The general symptoms are a general increase of muscle tonus,
disturbance in postural control, maintaining body balance, physical
exercise capacity, exteroceptive impairments such as visual errors,
hypnagogic hallucinations; disruption in effectiveness and accuracy
of cognitive and operant processes such as concentration of
attention becomes impaired, distracted thoughts, and longer microepisodes of sleep; speech becomes slow, monotonous, stammered,
and repetitive; increased rate of systemic metabolism, increase in
food intake, an overall increase of twenty to thirty-two percent in
the number of errors occurred in the workplace, a correlation of
reduced or prolonged sleep time contributed to body mass gain,
develop high blood pressure, a strong bidirectional correlation
between intensity of manic symptoms and sleep loss, decreased
emotional intelligence, deteriorated interpersonal relations (lower
assertiveness, empathy and positive thinking) with enhanced

esoteric reasoning, increase in believing superstitions, increase in


subjective perception of affective symptoms of psychopathology
(anxiety, depression, mania, insanity), a correlation between sleep
deficiency and aggression; this is just to name a few (Orzel 2010).
In plenty of work environments ranging from clinical jobs to desk
jobs to manufacturing jobs, sleep deprivation is one of the major
factors in increasing errors in their work environment and sleep
deprived employees are a hazard to themselves and their
environment. Diagnostic reasoning error rate can increase fivefold
due to fatigue and sleep deprivation alone. (Crockery 2009)

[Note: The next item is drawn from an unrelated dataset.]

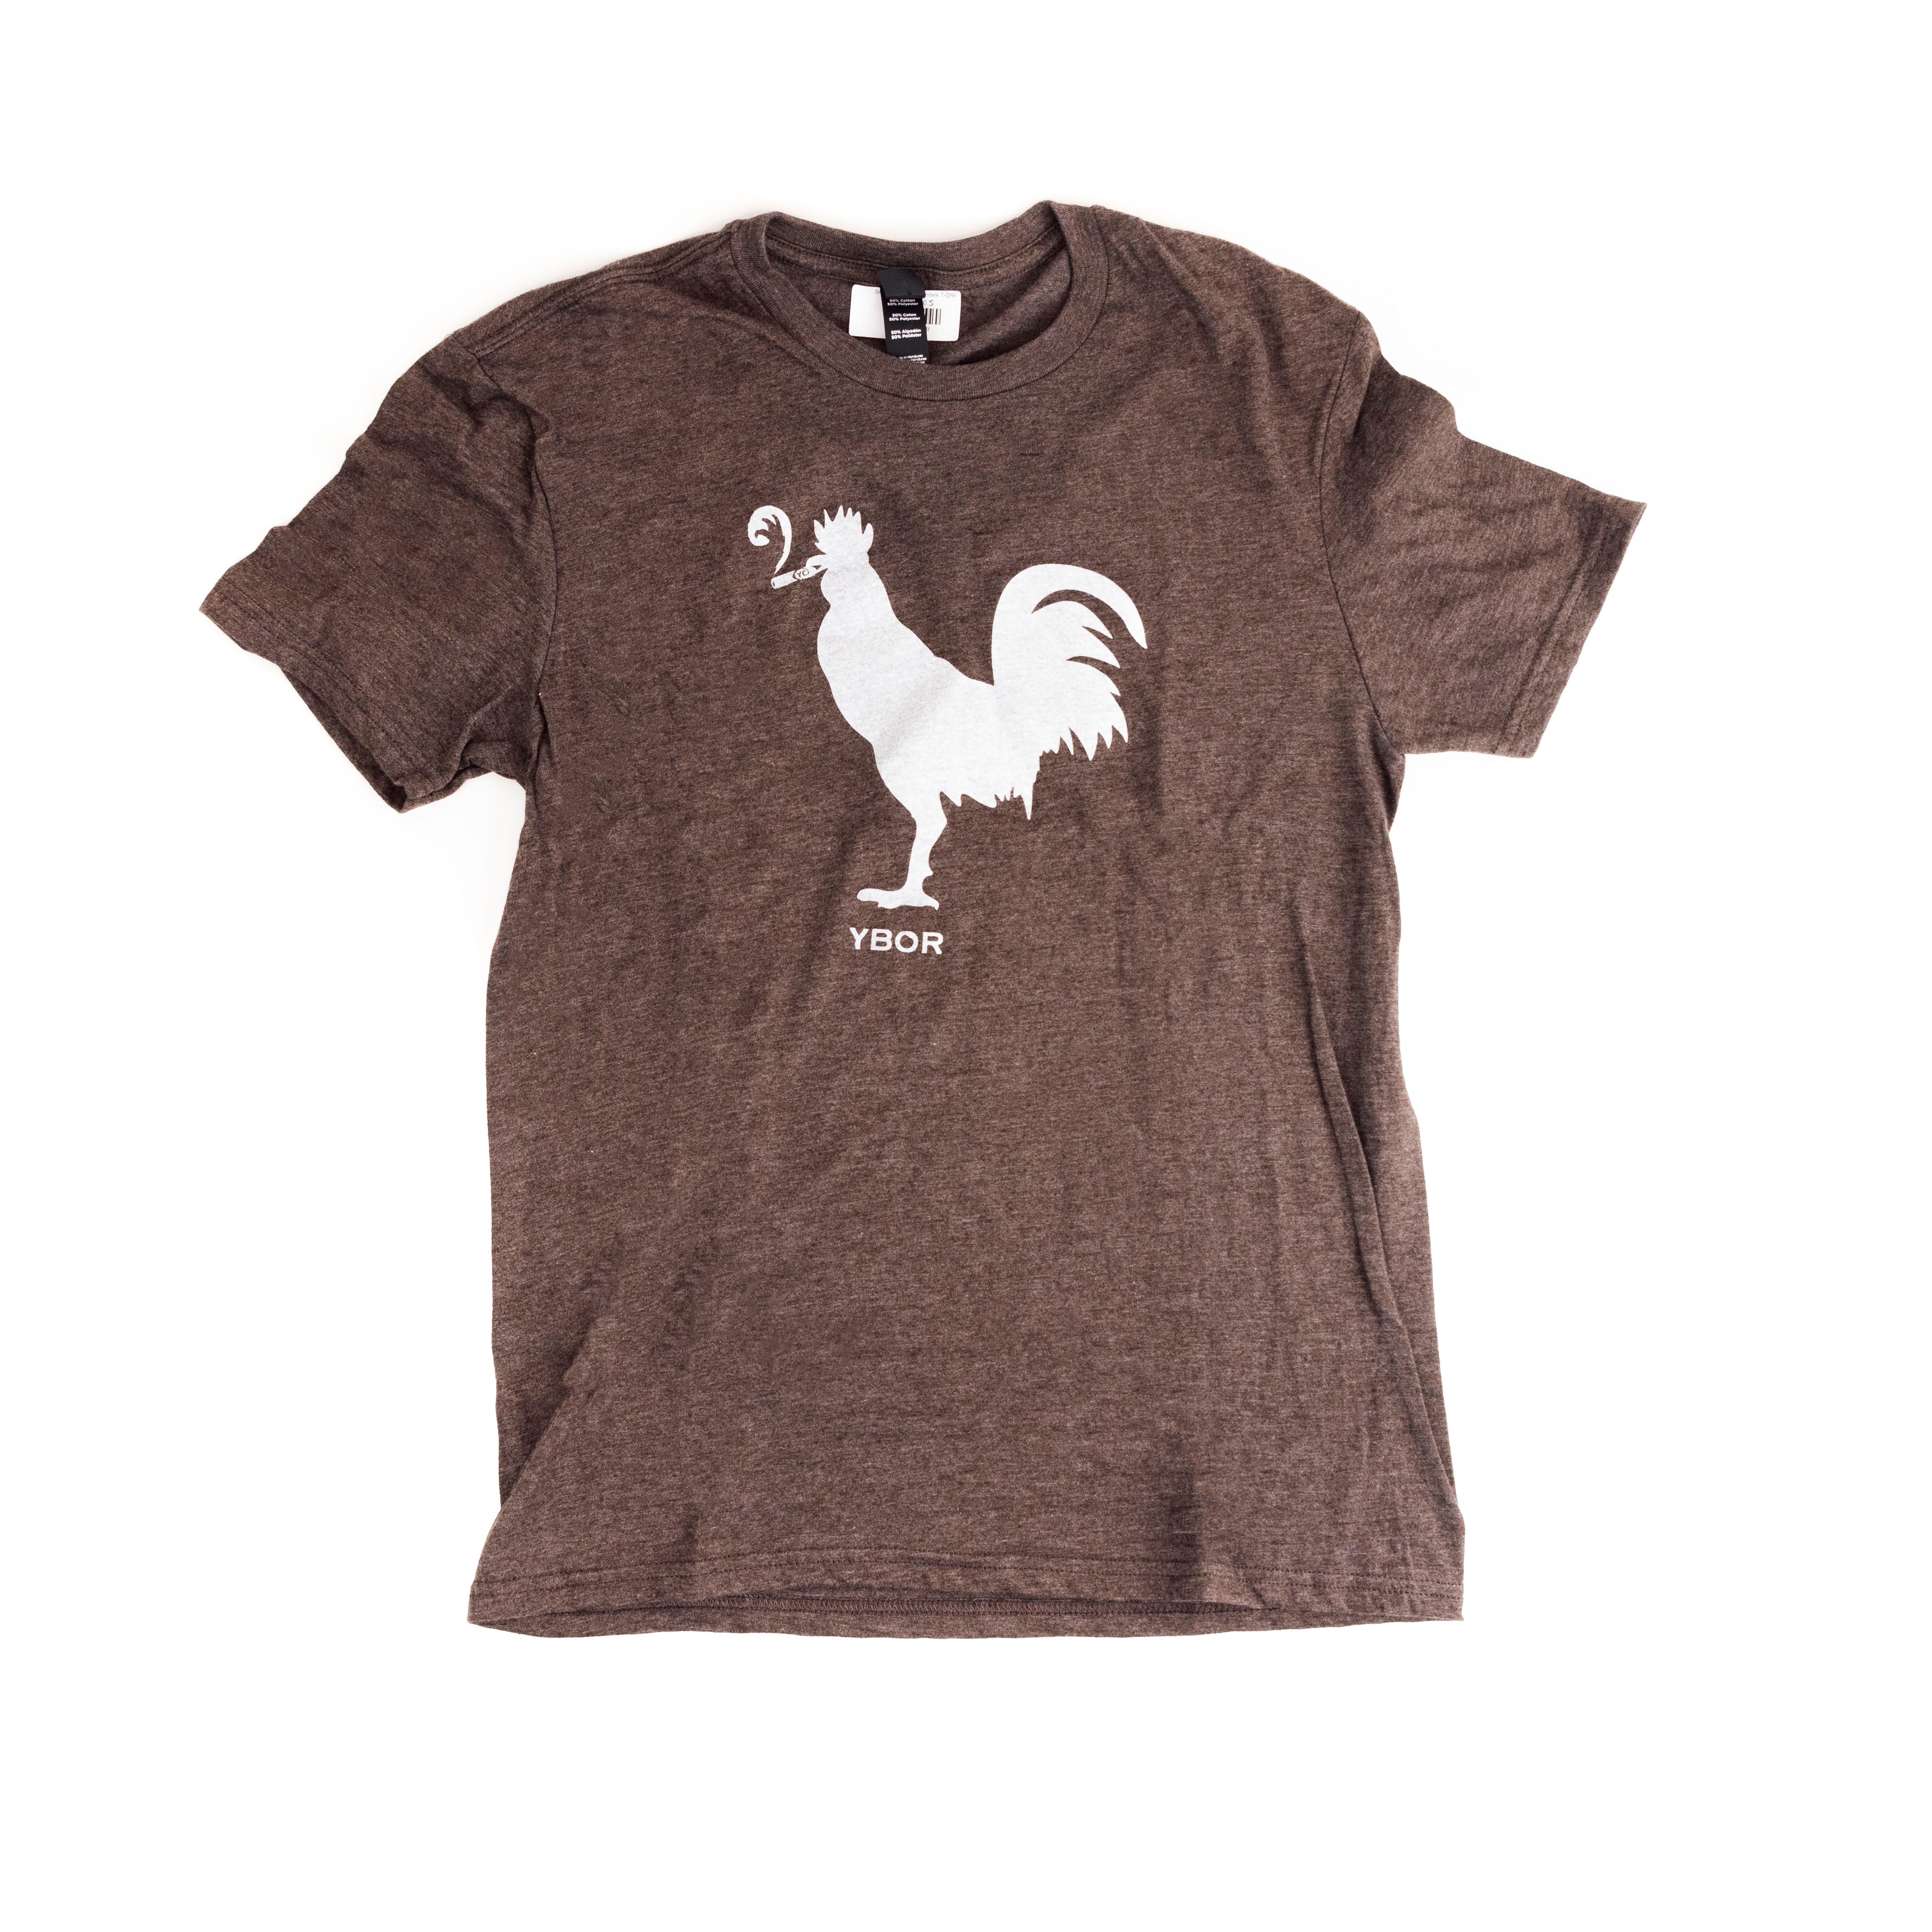 Smokin' Rooster Unisex T-Shirt - Cappuccino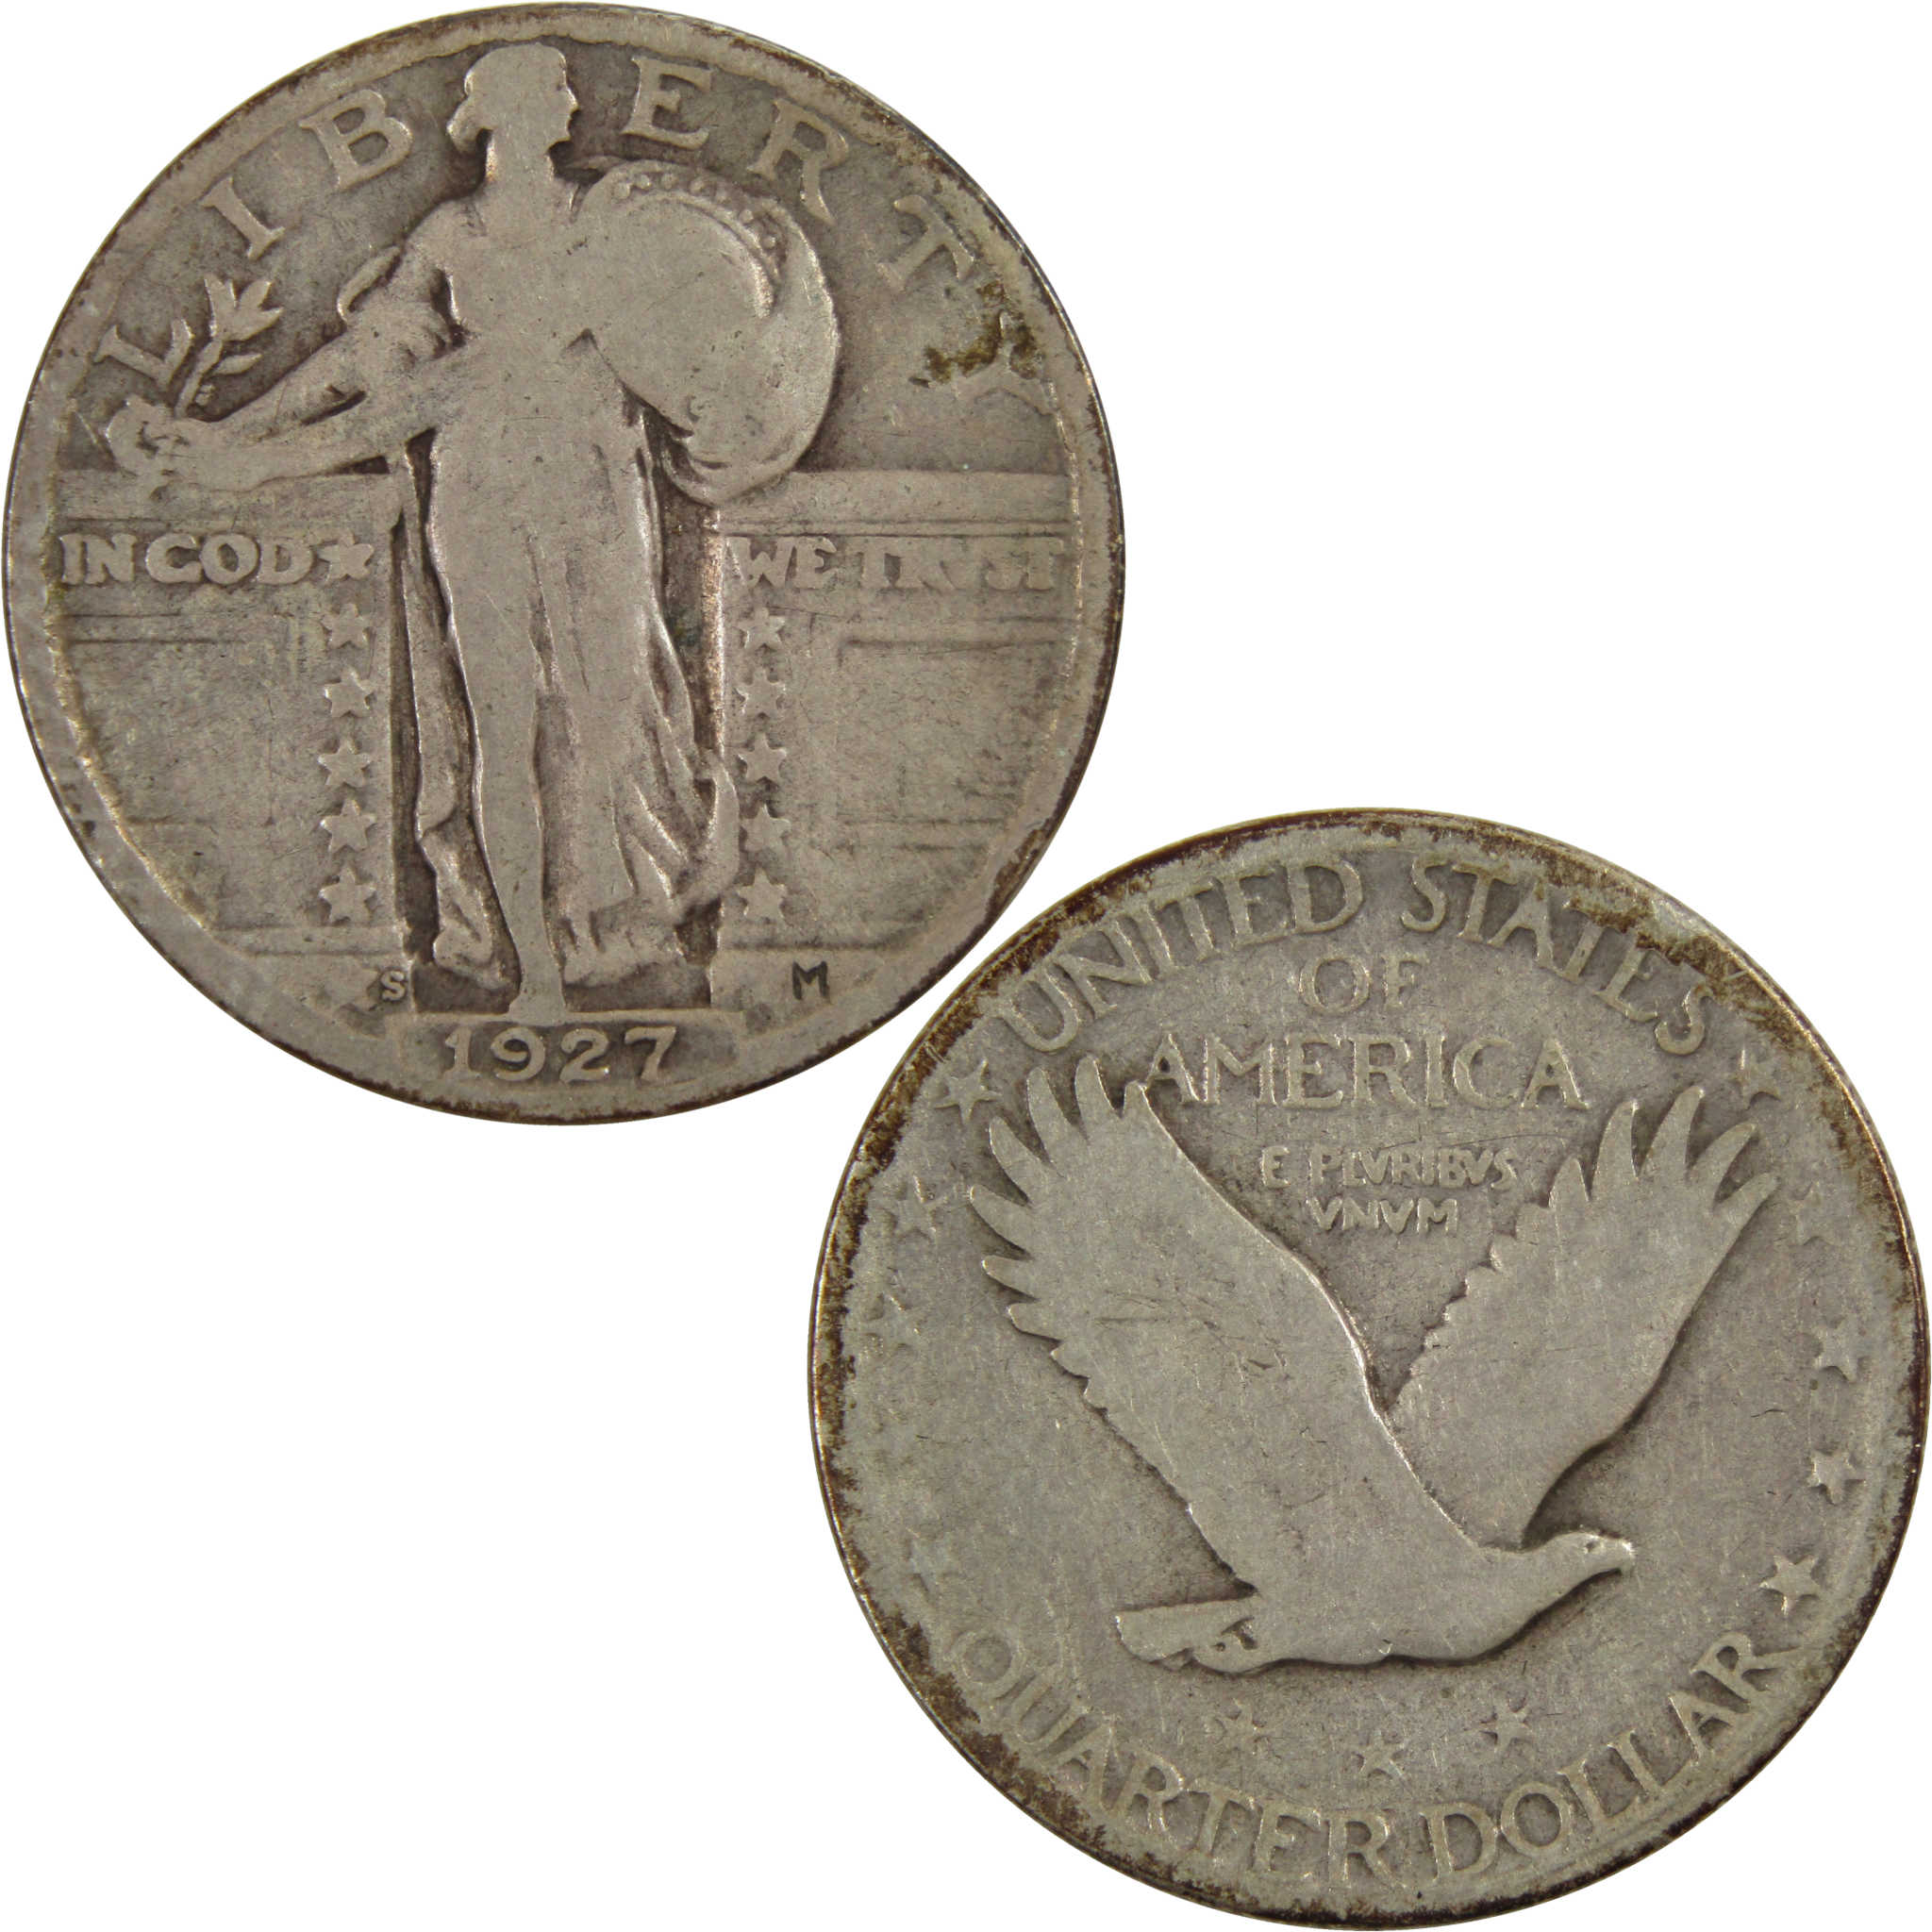 1927 S Standing Liberty Quarter VG Very Good 90% Silver 25c Coin SKU:I8150

Sleep is critical in consolidating memories subsequently, and thus,
learning. Sleep before forming those memories is equivalent to
sleeping after for the initial formation of new memories as evidence
shows that participants sleep deprived of one night caused a
significant activity deficit in the hippocampus during episodic
memory encoding which in turn results in further worsening of
retaining memories subsequently. Sleep before and after learning is
critical in preparing the human brain for next-day memory formation
- which is worrying due to societys rise of the erosion of sleep time.
(Yoo 2007)
Even after two nights of recovery sleep, students from top high
schools still have residual effects that can still be observed in
regards to their processing speed, subjective alertness, and
sustained attention. Seeing that these students are susceptible to
neurobehavioral deficits should cause policymakers, parents, and
the students themselves to reconsider if sleep should continue to be
sacrificed for the sake of academic achievement or some other
achievement of equivalence to those who arent students. (Loetal
2016)
While the underlying reasoning as to why or how sleep is important
in preserving our performance in being optimal is still unknown and
only correlations have been found attached to it that seems to
indicate that not being well-rested will hinder our optimal
performances. A well-rested person performs optimally, whereas
those who arent well rested has their performance diminished.